Monday, March 31, 2014

P. S.

Got fitted for a diaphragm. That was interesting. Dr. Daniels put one in, asked if it was comfy, then told me to get it out and put it in the sink. I guess it was a test.  He left the room, but Shaun was with me. I thought "Well, this is pretty undignified" so I asked Shaun to look away. He did, but I should have also asked him to cover his ears. 😂😂😂 It made a sound! A gross one. Haha.

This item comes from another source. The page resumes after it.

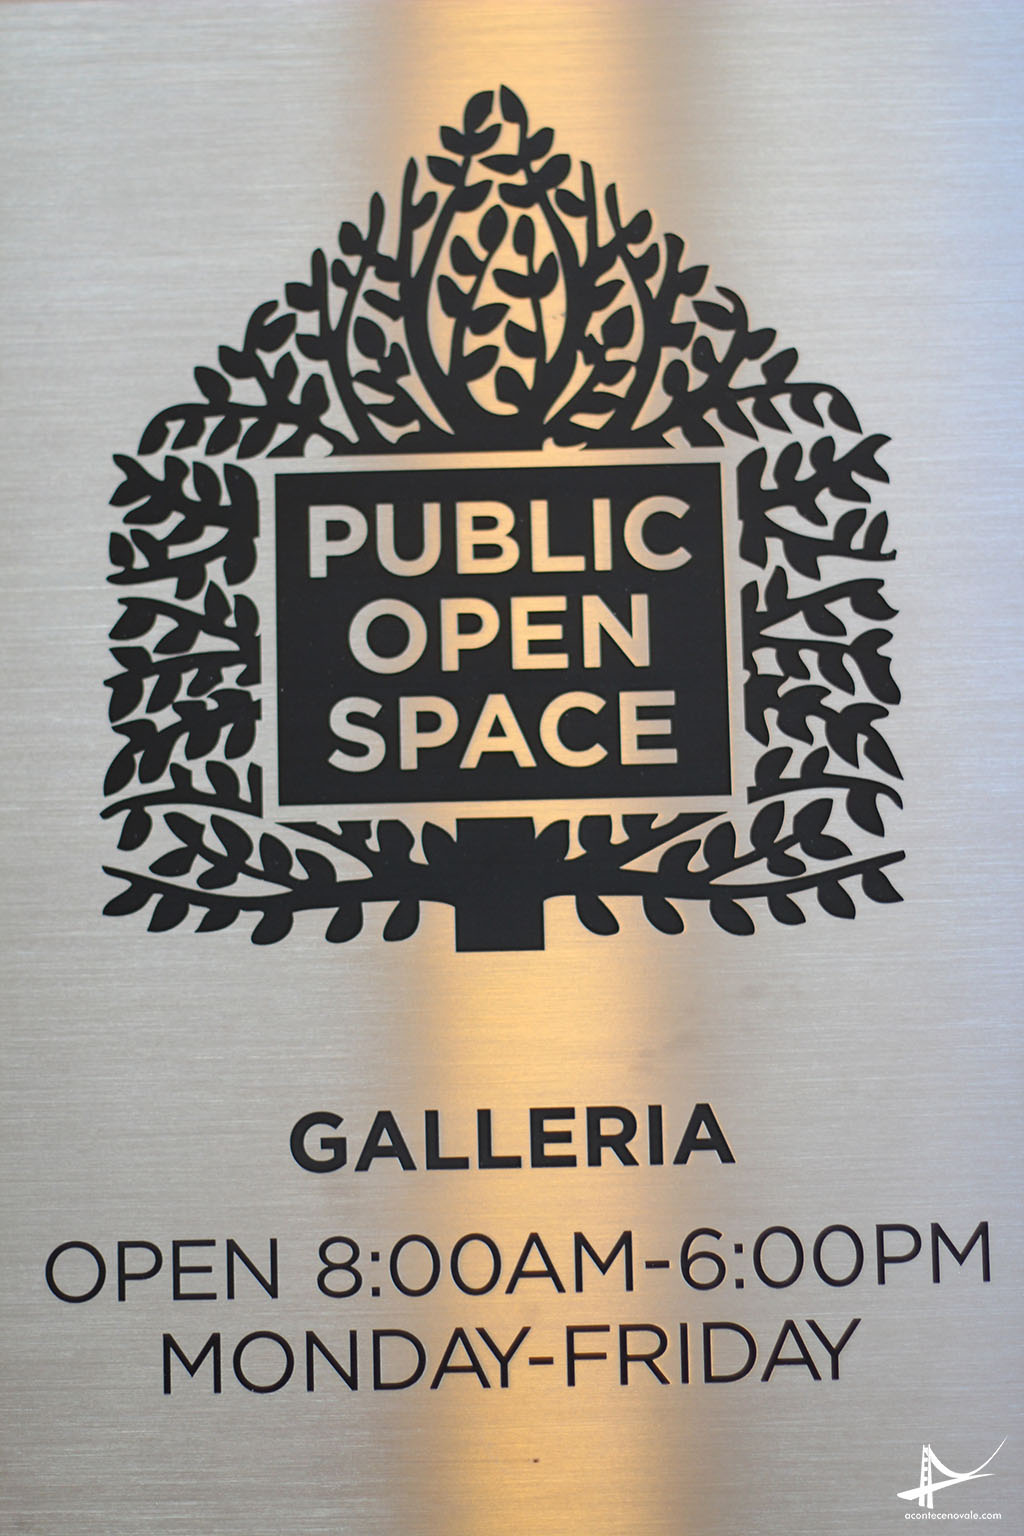 Placa referenciando o espaço aberto ao público
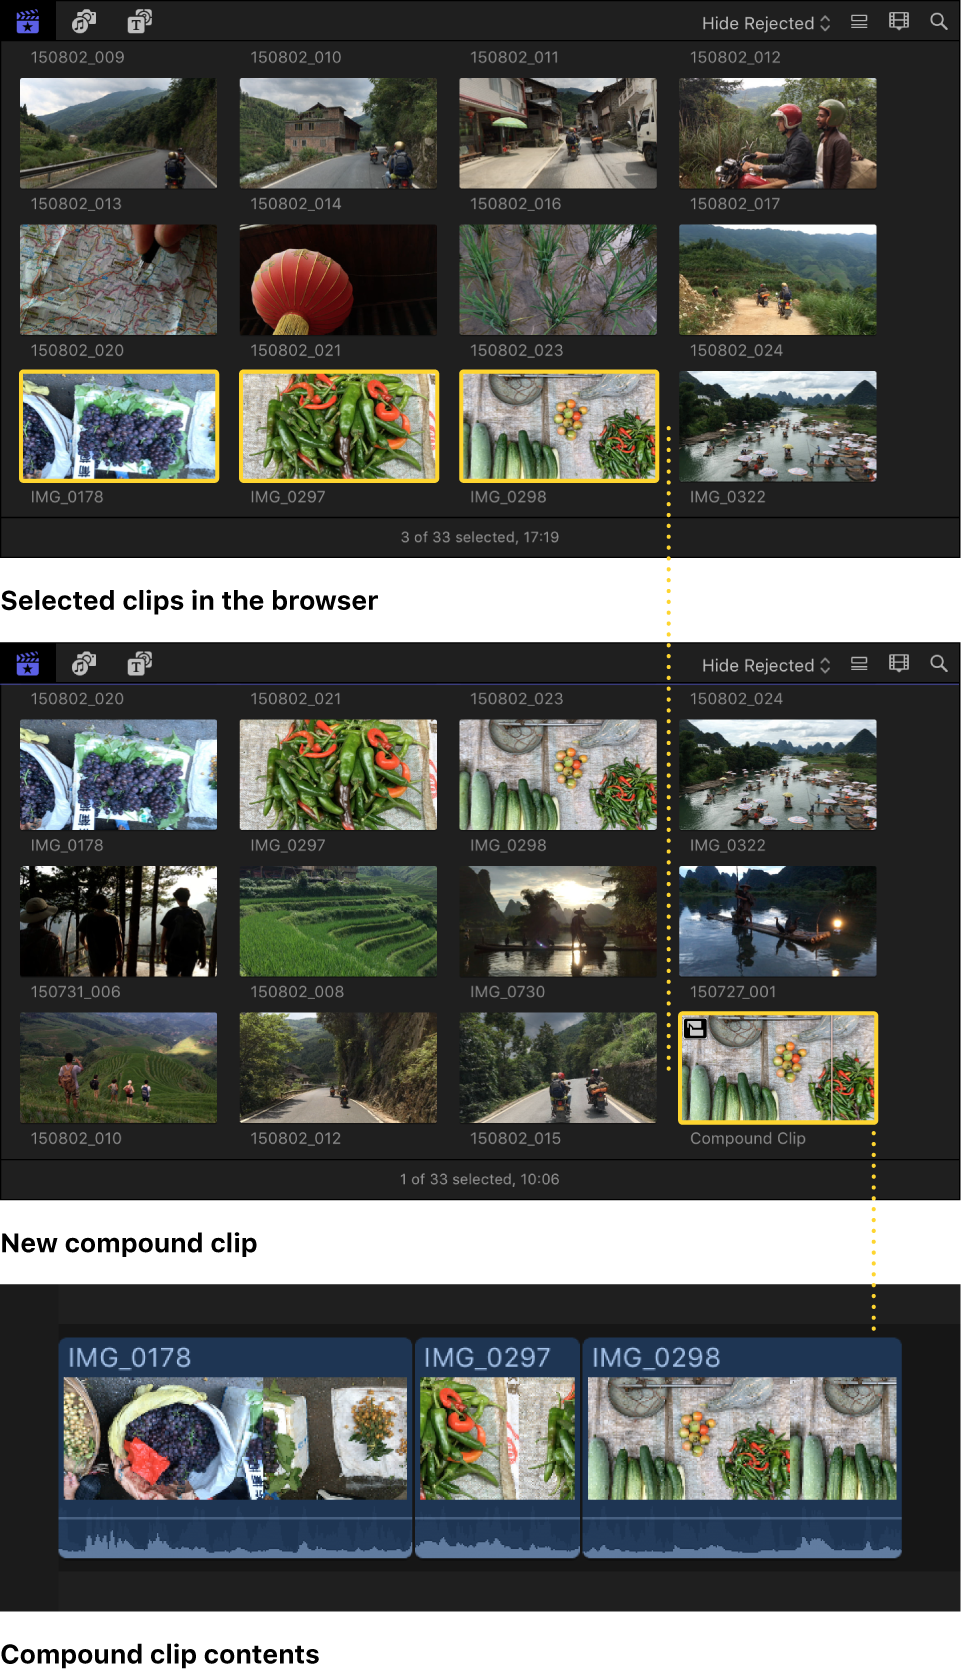 Un clip compuesto creado a partir de clips seleccionados en el explorador

Anyway, Dr. Daniels isn't into the copper IUD's - something about them causing abortion and his conscience. I can understand if he's uncomfortable and I'm not gonna push the issue. I do plan to look more into those and maybe see if I can find someone who does them. I think a diaphragm will be ok temporarily, but not for long term. I'm not entirely sure I'm comfortable with it's success rate.

Stabby stab stab, diggy dig dig, IUD is out.

Now I can make a pair of earrings.

Breathing a sigh of relief and patiently awaiting the return of my period. Doctor Daniels said to be prepared - it could happen anytime in the next 3 months. Ah, the suspense. 😂

So... I went to the mental health center this morning.

So... I went to the mental health center this morning. I like the lady I talked to. She mostly asked me questions. Didn't really diagnose me any kind of way, but she did say that it wouldn't hurt to remove my IUD. She wants to see me again mid-April to see how I am feeling after that is done. 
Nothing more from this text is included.